The Teachers’ Strike
And then there was the teachers’ strike. Lessons were cancelled and plans were laid to march onto the Houses of Parliament. Girls were told they could go home or accompany the teachers and so it was that I found myself walking around Parliament Square with a placard supporting a pay rise for my teachers. The protest march was large and loud and became my first brush with the media – a photographer from The Times snapped me and a few girls with the teachers and the placards and the “fall out” was felt at home for weeks. The image appeared in the paper and countless friends and relatives phoned my parents to tell them about it. My conservative parents were outraged that their daughter – whom they thought was in school learning important things – should instead be at a march protesting against the same British government that had given us citizenship and a home. For me, it was exciting and interesting. For them, it was a betrayal. A betrayal of trust, class and status – conservative, well brought up girls simply did not hold placards and attend protest marches. I wasn’t allowed to accompany my teachers anywhere without permission after that and had to return straight home after school for weeks.

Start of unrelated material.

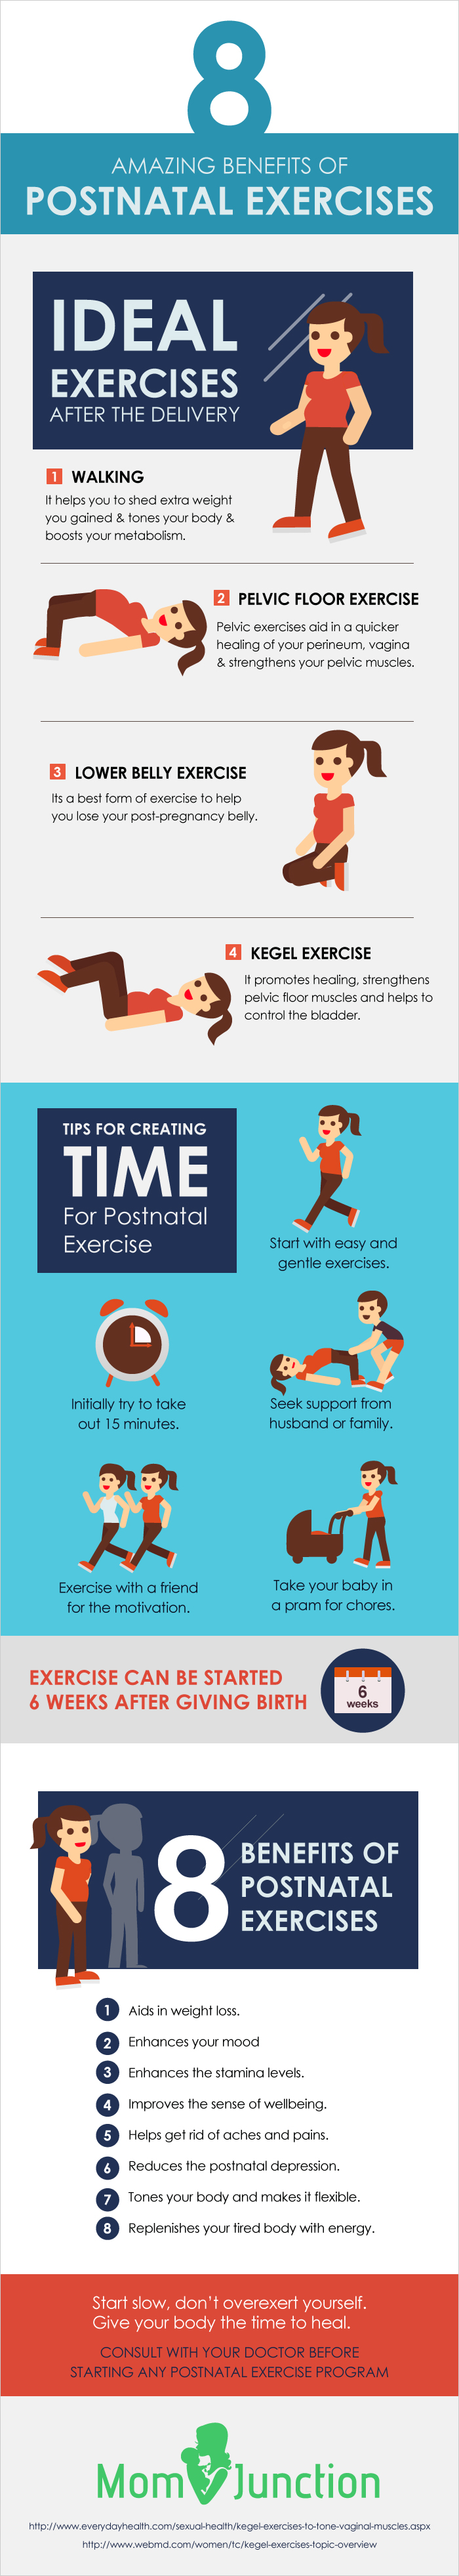 7 Amazing Benefits Of Postnatal Exercises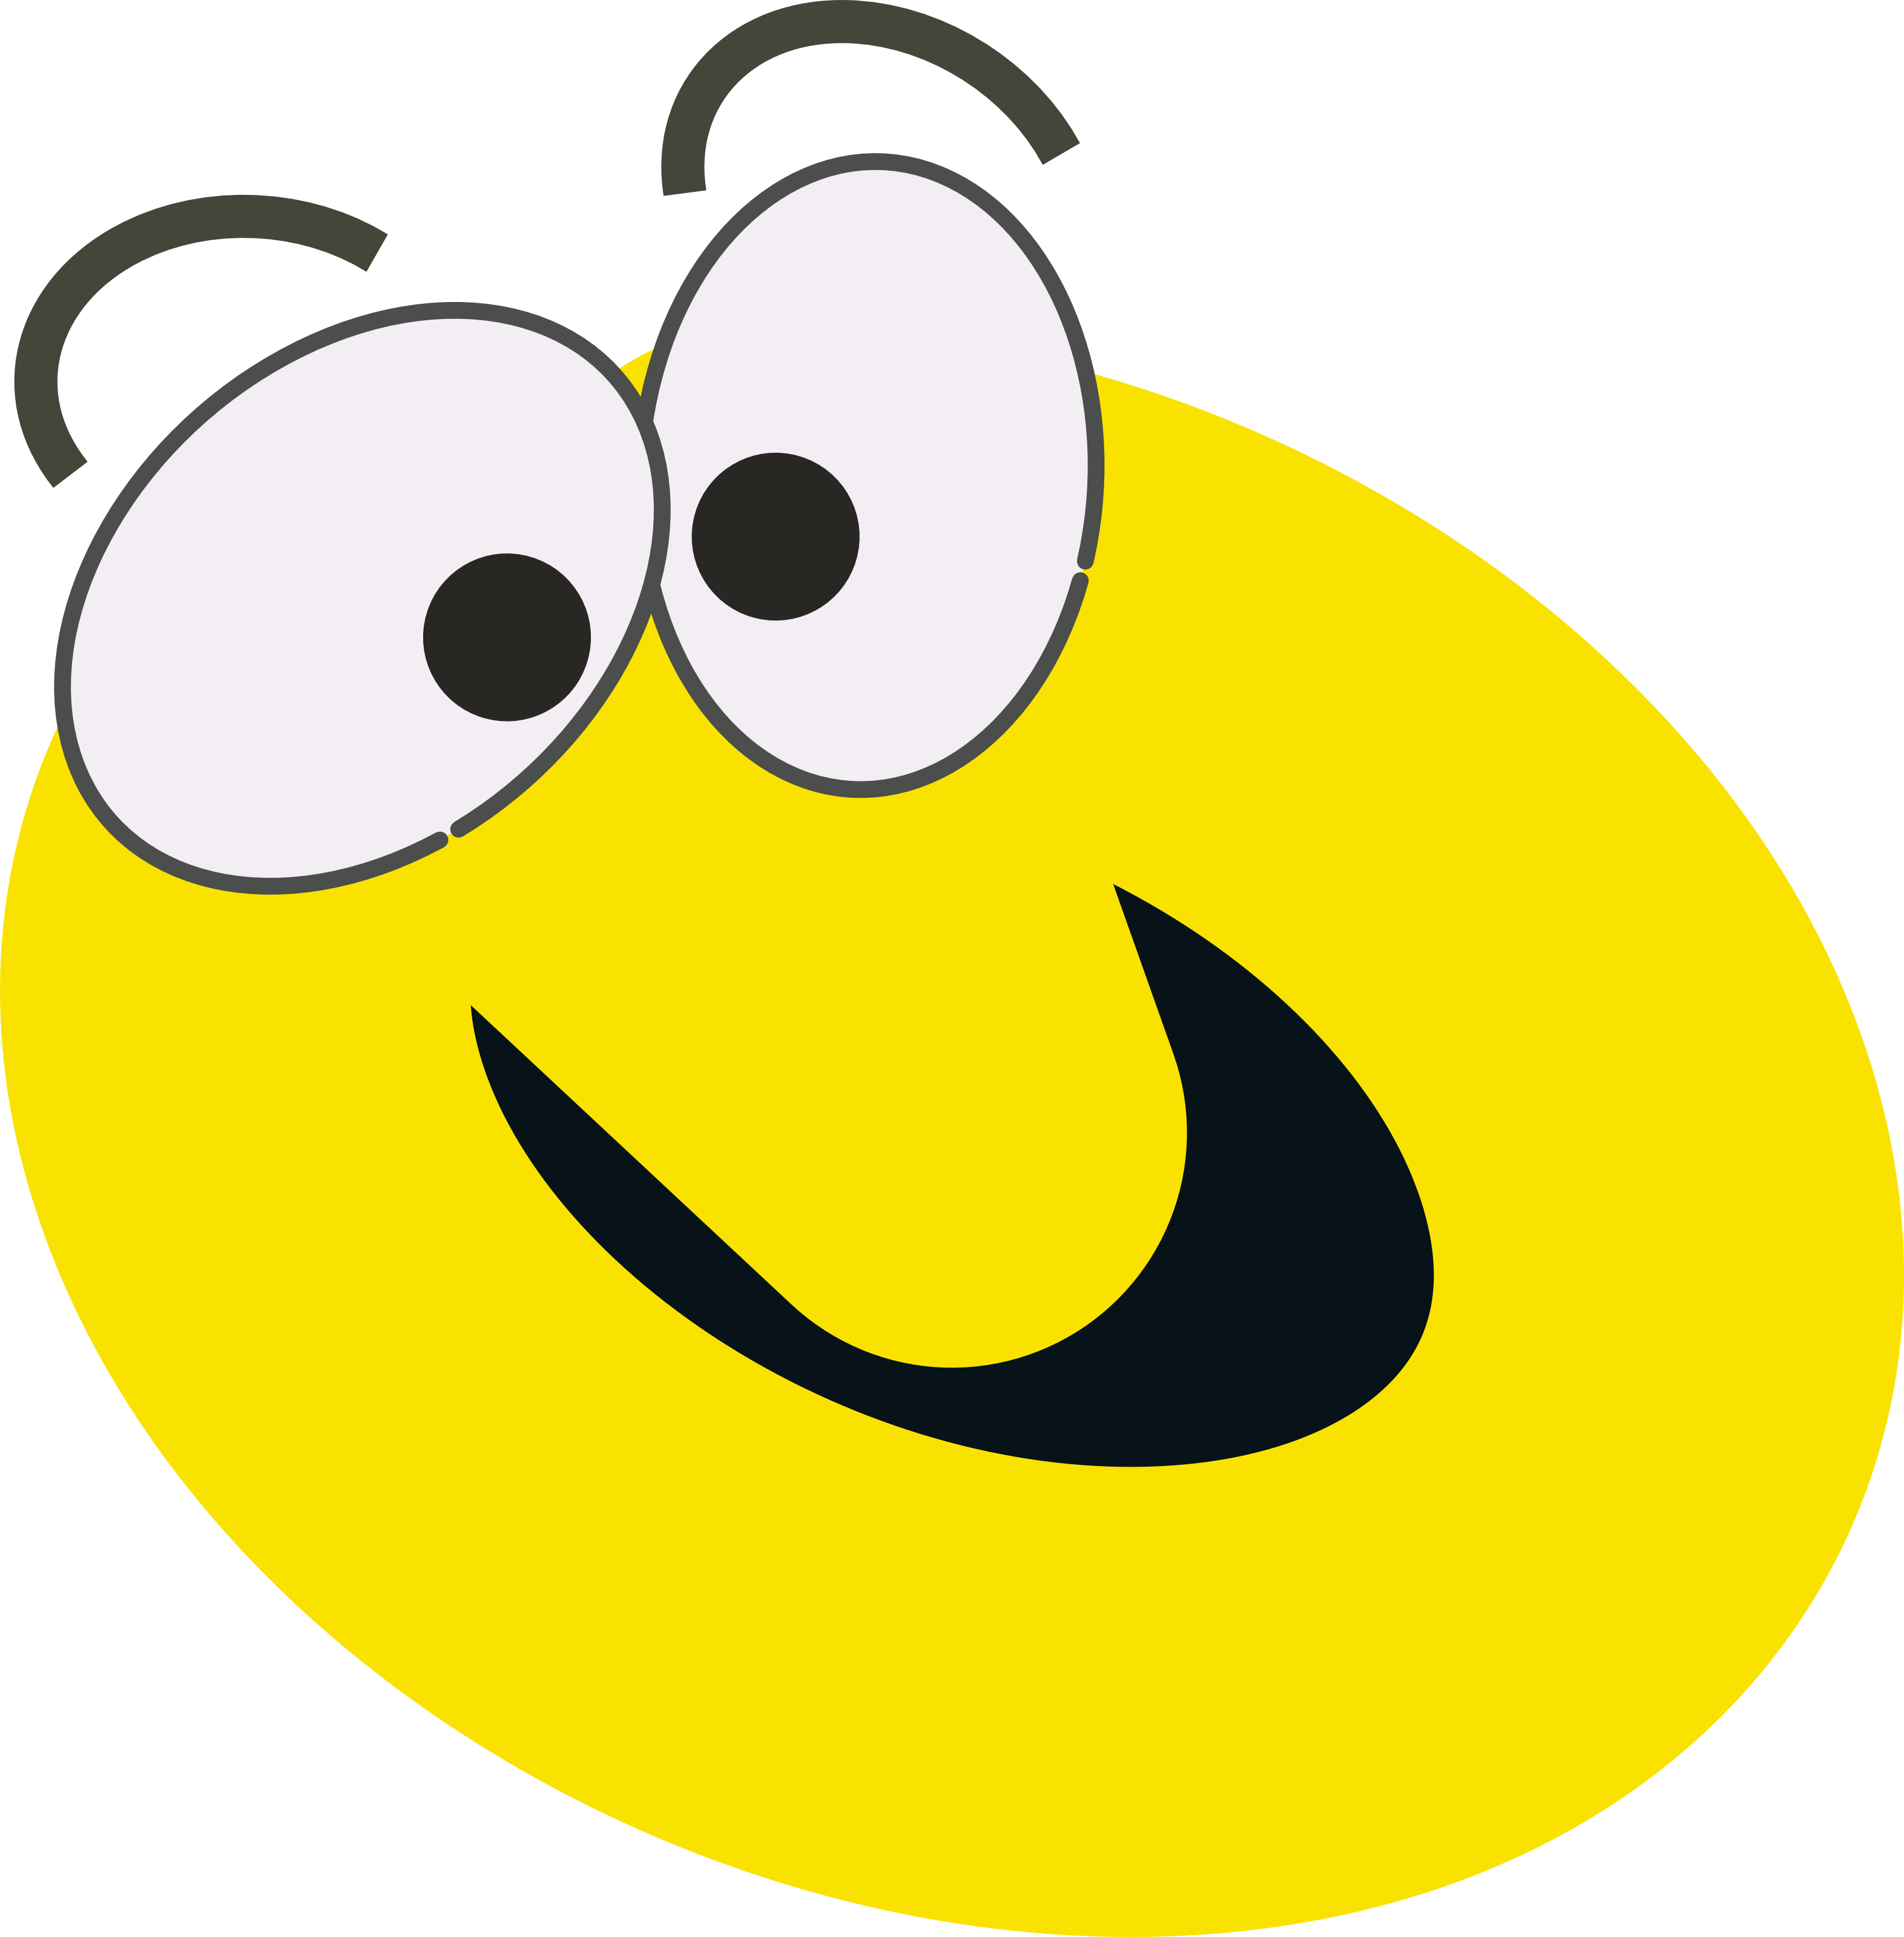 Smiley Face Clip Art | Clipart Panda - Free Clipart Images

My teachers continued to push and prod
My teachers, however, continued to push and prod (I wish I could call it training) me into not confining myself docilely into a mould that my parents envisioned. They taught me to think freely; participate in lessons outside school; volunteer for new projects, undertake activities like the Duke of Edinburgh scheme and generally have a vista greater than that afforded by my family upbringing. Years later, when I think back I remember the names of my teachers and vividly recall all their ‘failures’ in teaching, which in themselves taught me a great deal, perhaps more than the curriculum itself. That is why I owe a huge debt to my teachers.